Two characters, one Anima LoRA: hugs hold, lap-sit breaks (stack vs interleave)

Update 2026-06-08: A follow-up where I raised rank to 128 and added 20 two-character training images, clearing the ahoge bleed and body fusion left open here → Two-character LoRA without bleed or fusion: rank128 + 20 dual images on Anima

In the previous post (v3→v4), I pulled the posed full-body shots out of keichan’s LoRA and baked only her identity into a lean dataset — and standing finally produced a clean upright pose. kanachan was already built the same way: a lean dataset, mostly upright turnaround shots. Both were now lean. So I tried it: can these two characters be mixed and baked into a single LoRA?
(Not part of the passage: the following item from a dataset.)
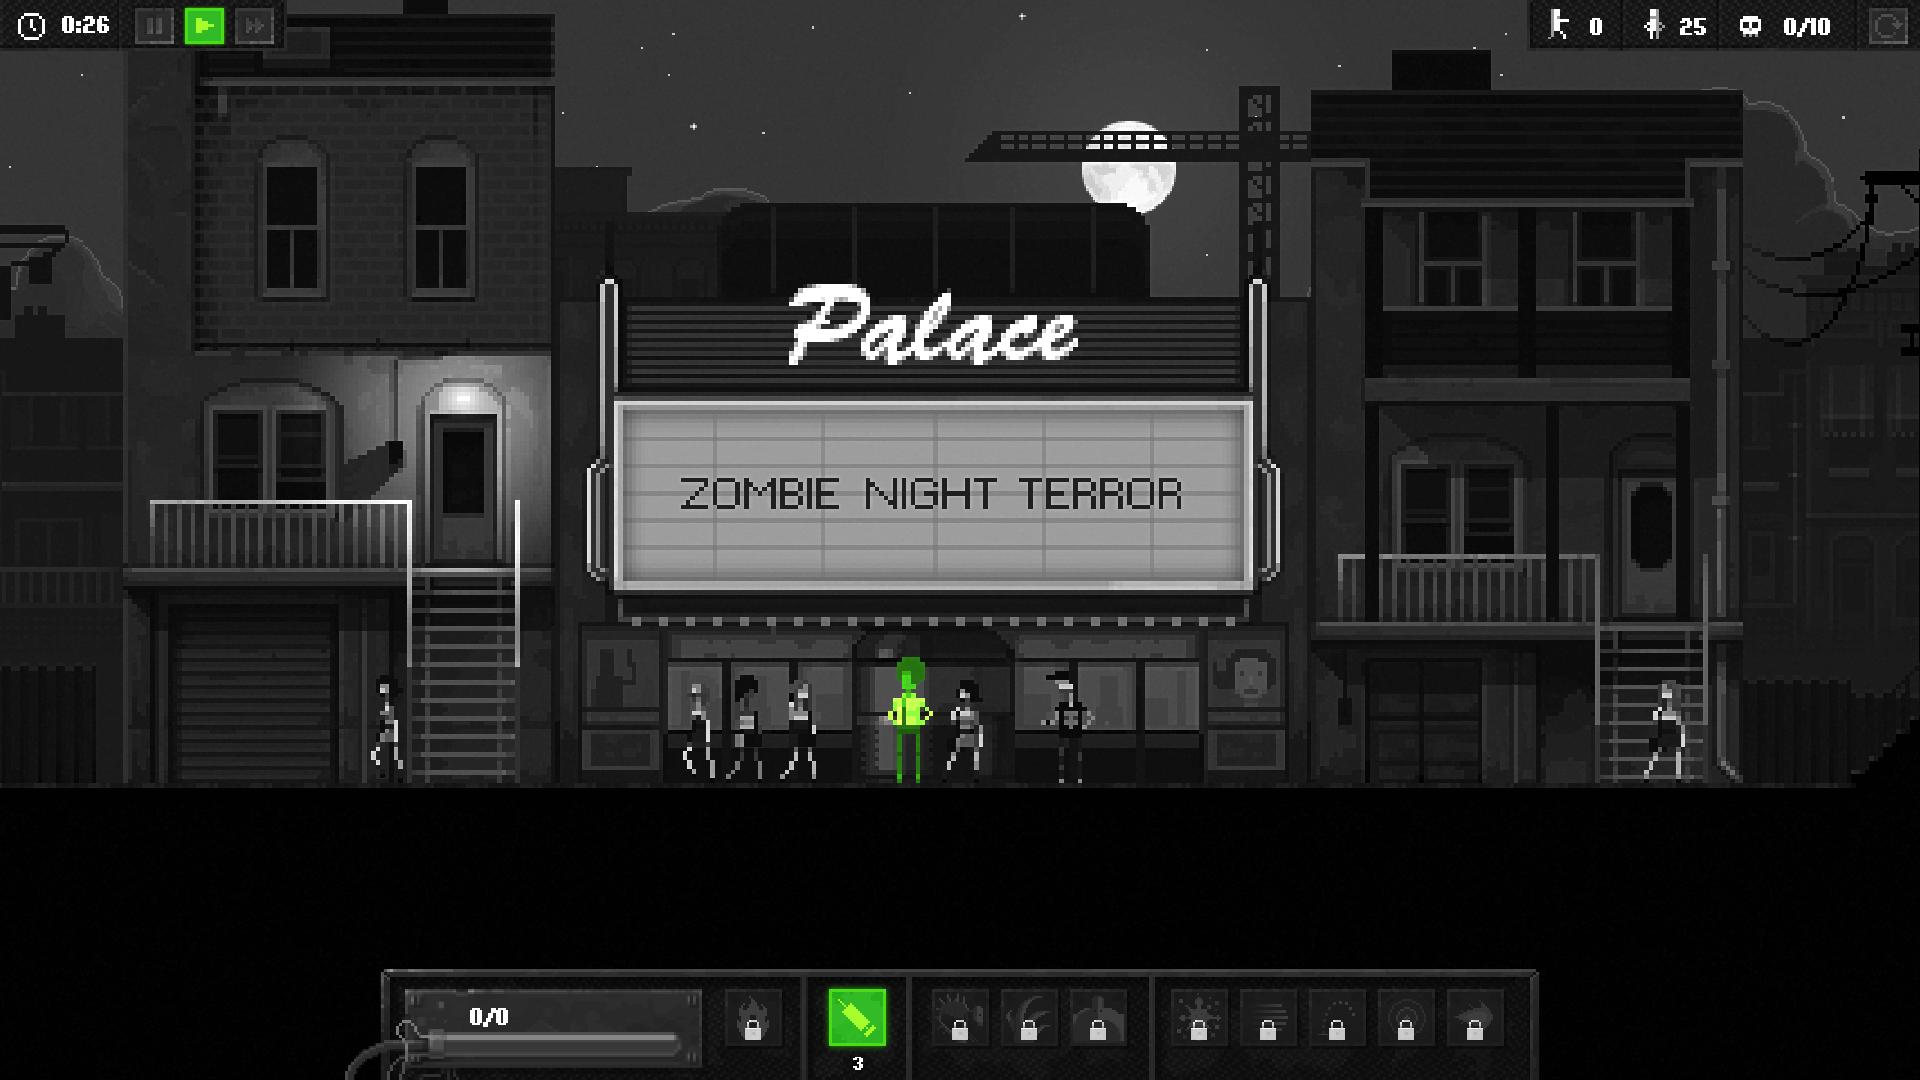 Zombie Night Terror (Bildrechte: Gambitious Digital Entertainment)

Side-by-side is easy; the real goal is interaction

If all you want is two characters standing side by side, you don’t really need to merge the LoRAs. Write two triggers and they show up separately; worst case, you inpaint them together afterward.

The real reason to cram two characters into one LoRA is to make them interact. Hugging, carrying, piggyback — images where the two bodies touch. Try this with two separate LoRAs and their models/triggers interfere: arms and faces blend, and it falls apart. So if you want two characters touching in one frame, you have to bake them into a single LoRA from the start.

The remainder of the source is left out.